- _INSTRUCTIONS FOR THE TASK_
In the listing that follows, find the line with "The Aviva Pools Luxe 35", then copy exactly from it through the line with "GCDS Printed T-shirt - White", leaving out every picture.

- _MATERIAL PROVIDED_
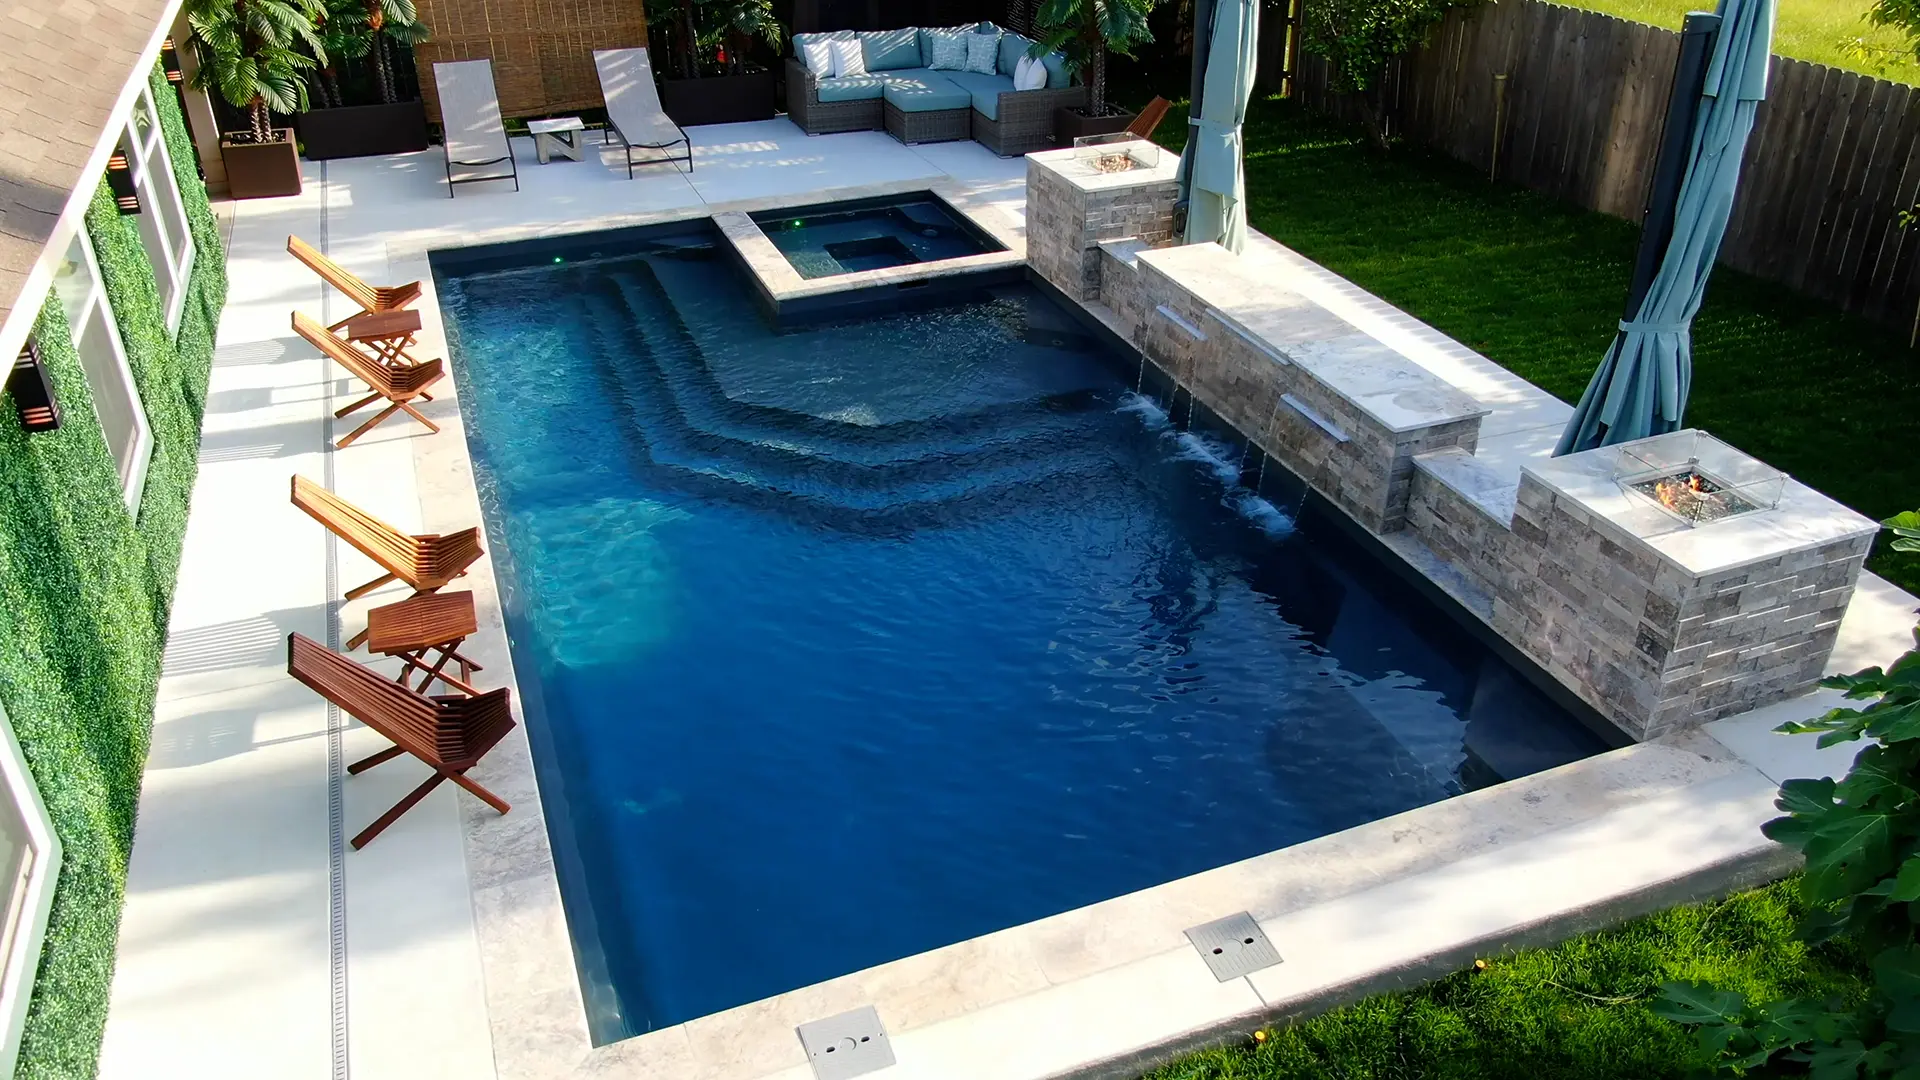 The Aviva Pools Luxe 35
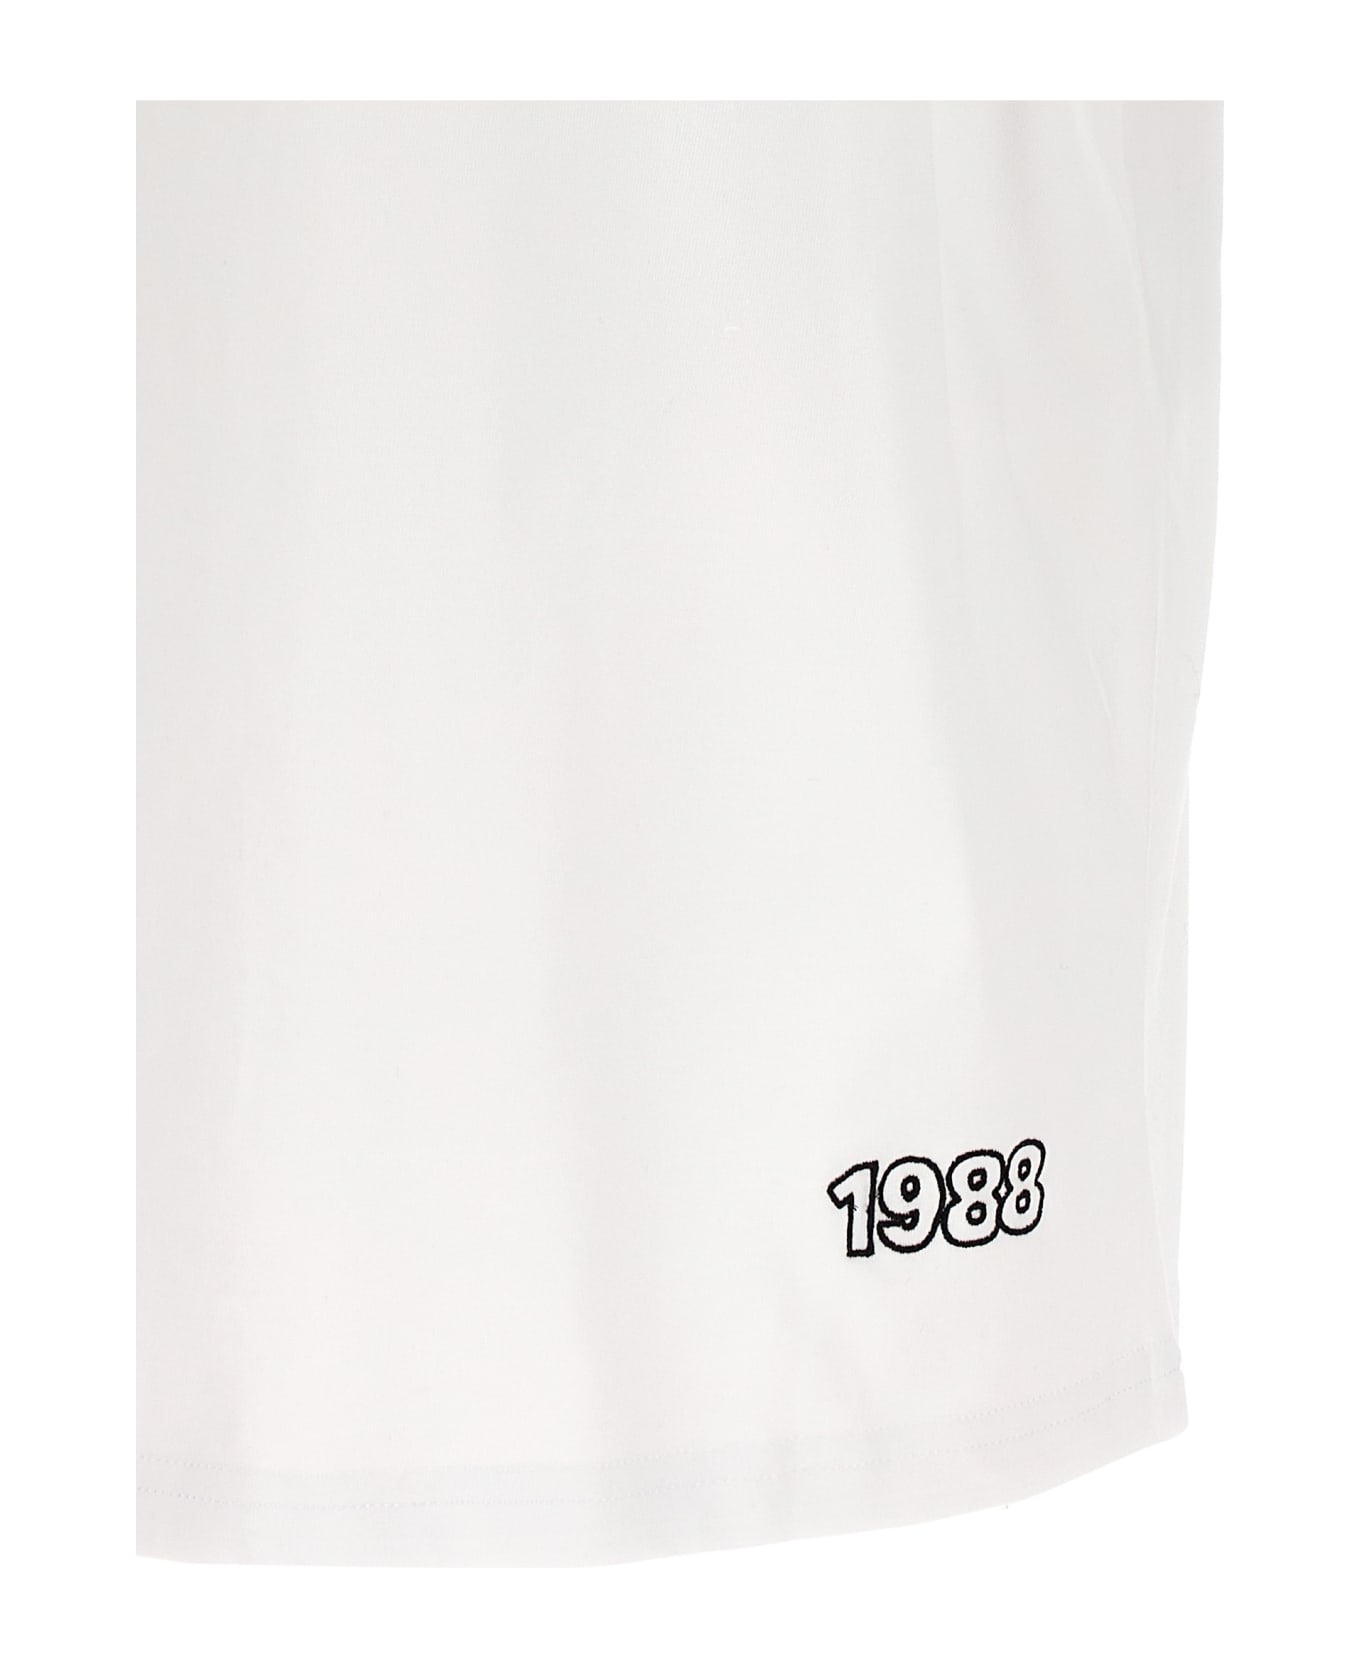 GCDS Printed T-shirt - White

* * *

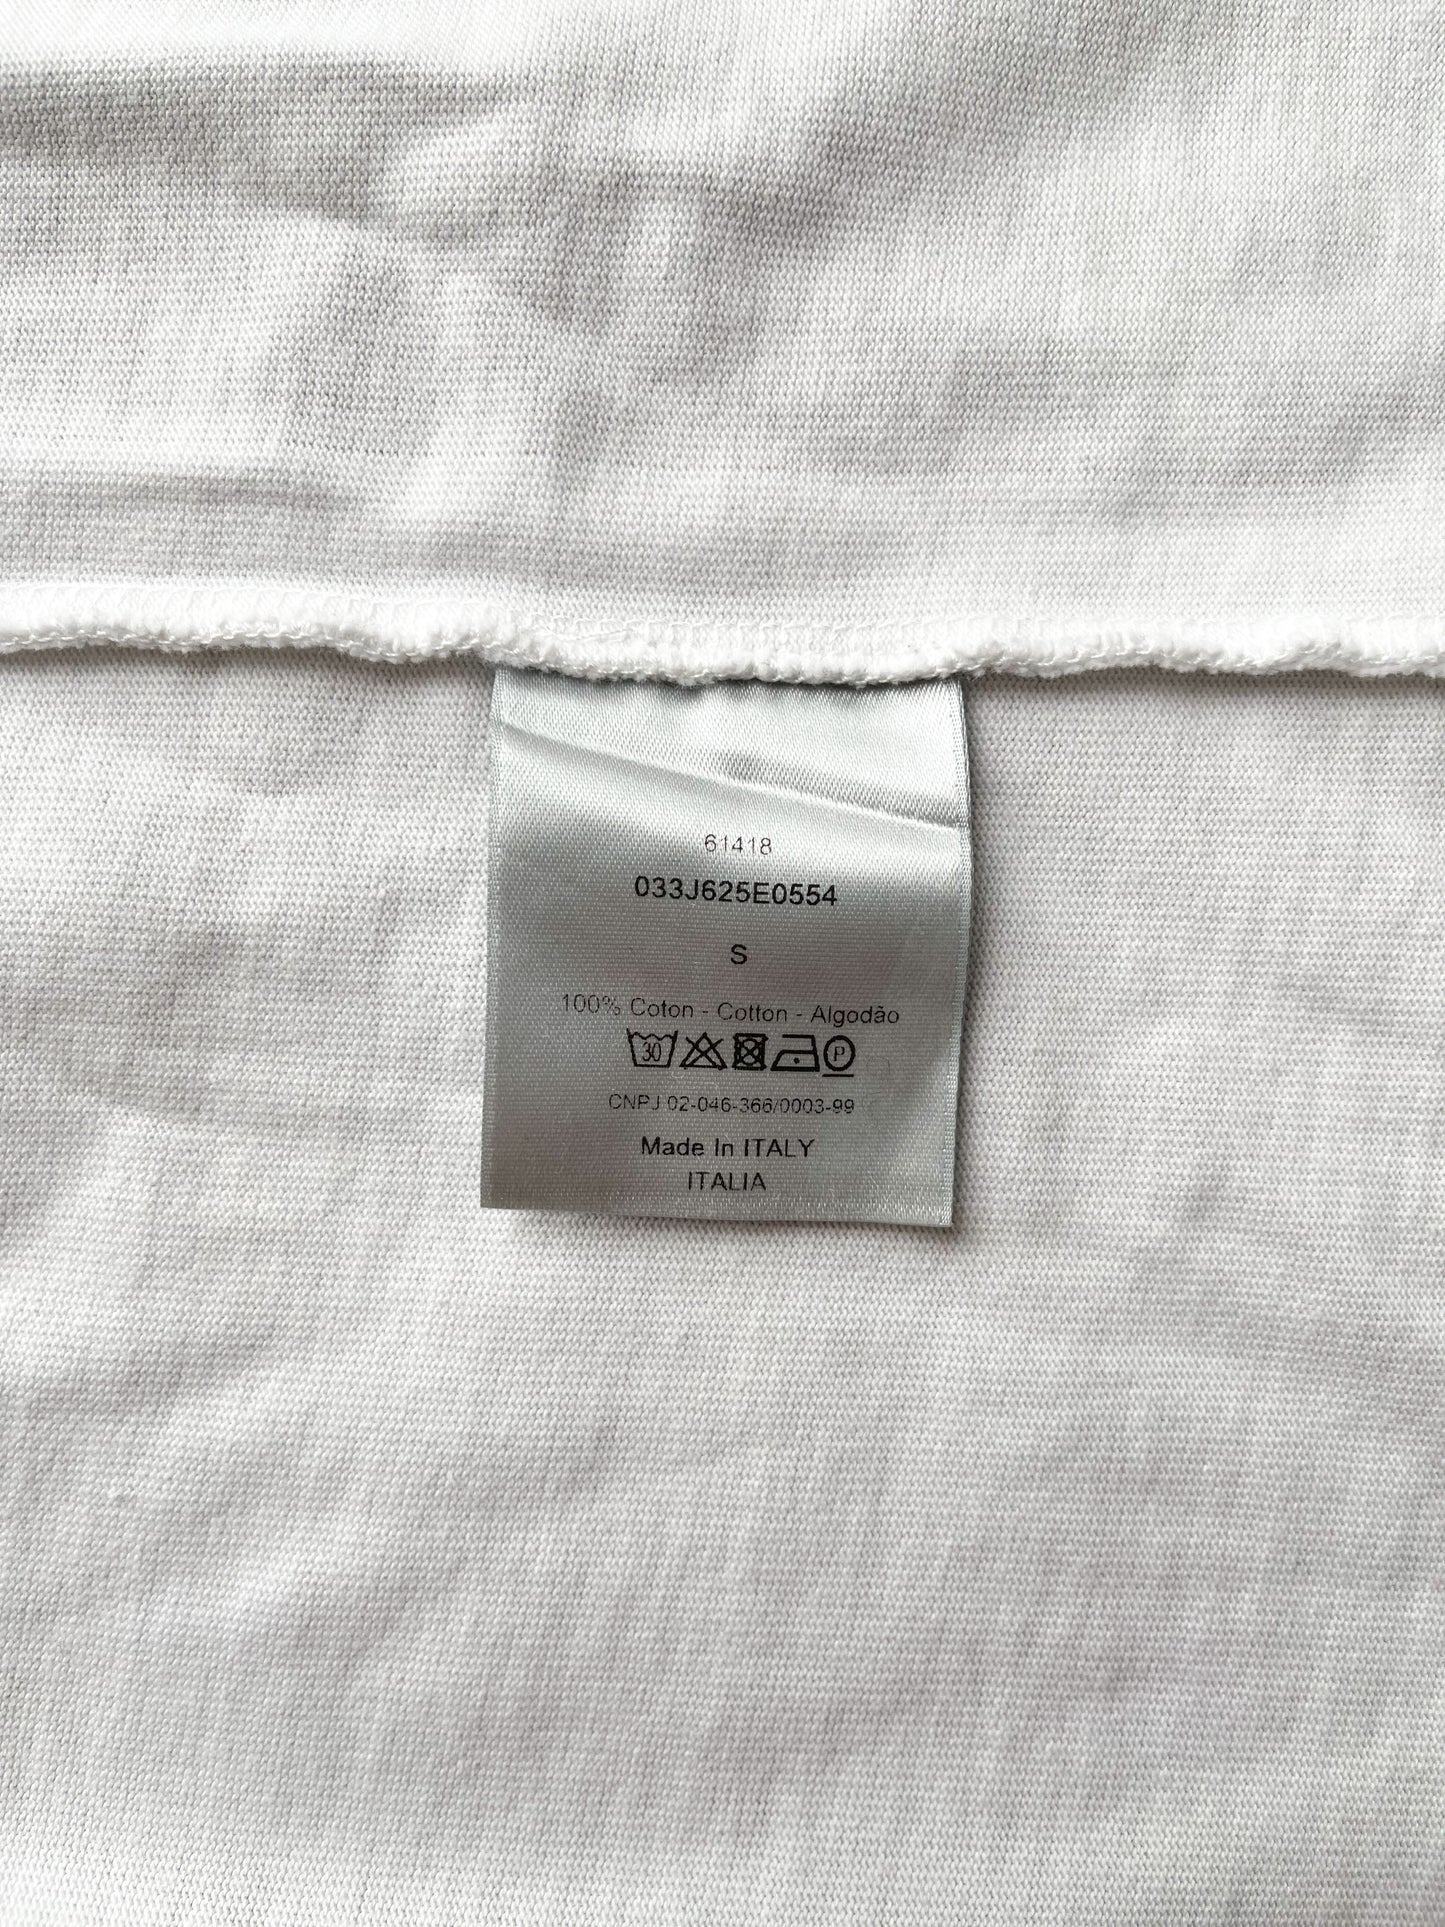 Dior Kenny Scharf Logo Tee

* * *

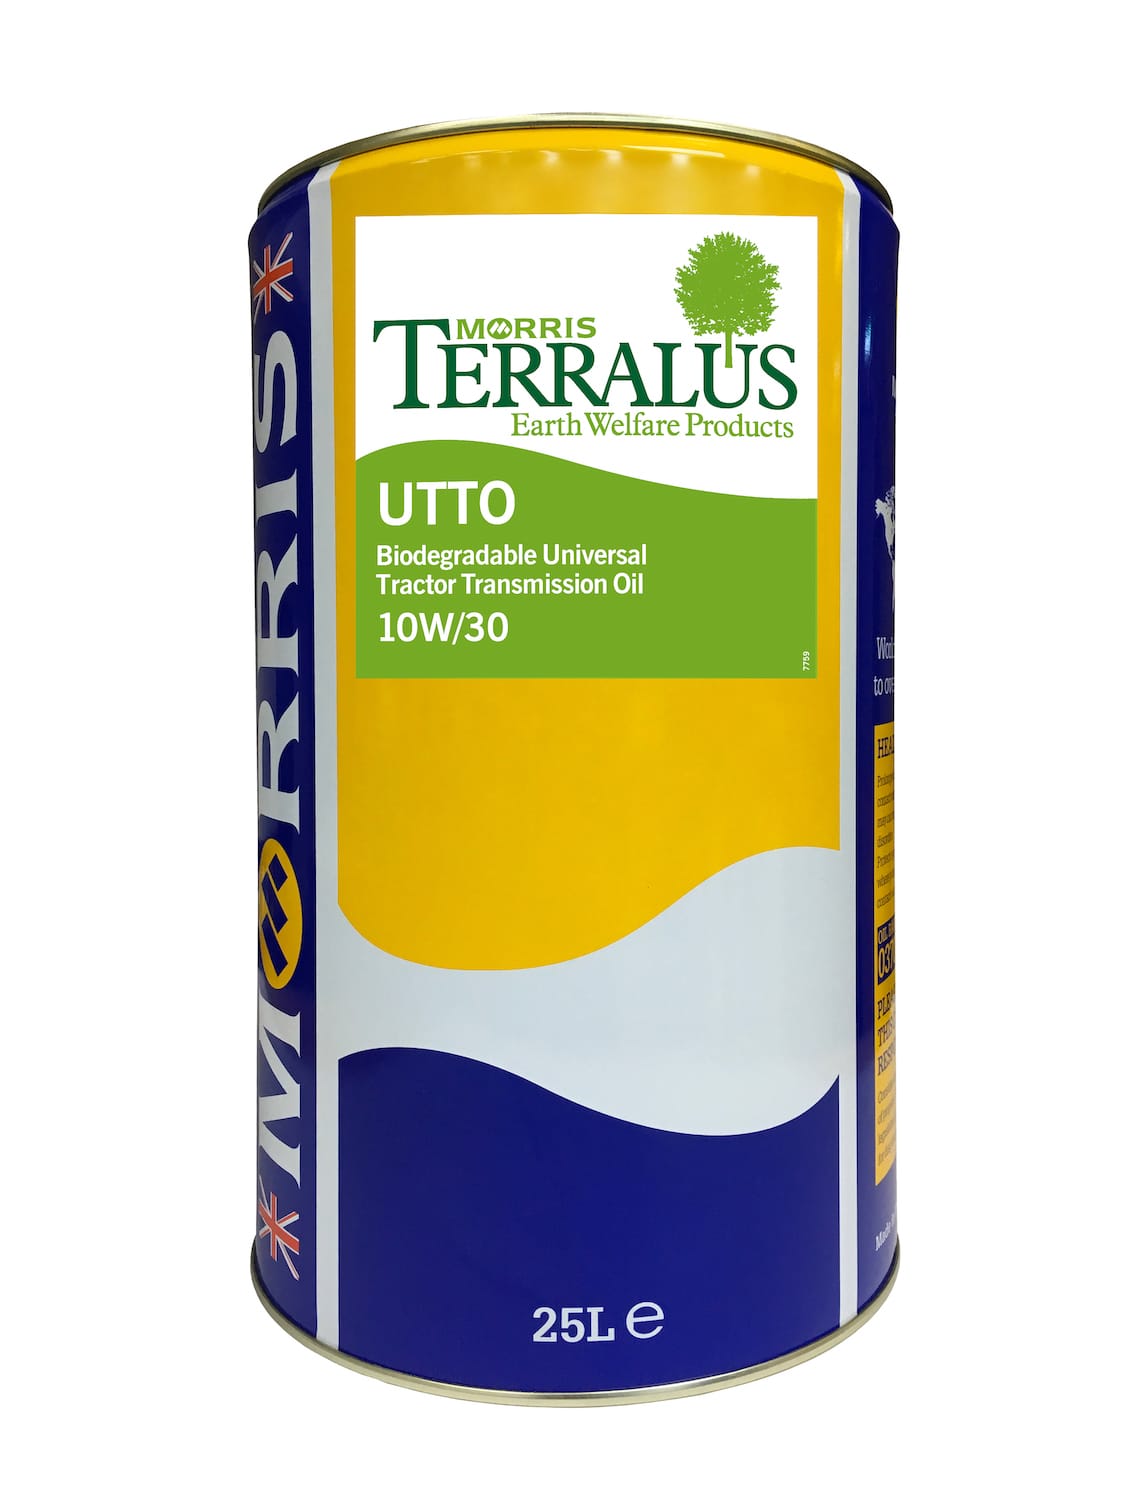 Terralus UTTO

- _OUTPUT BELOW_
 The Aviva Pools Luxe 35
 GCDS Printed T-shirt - White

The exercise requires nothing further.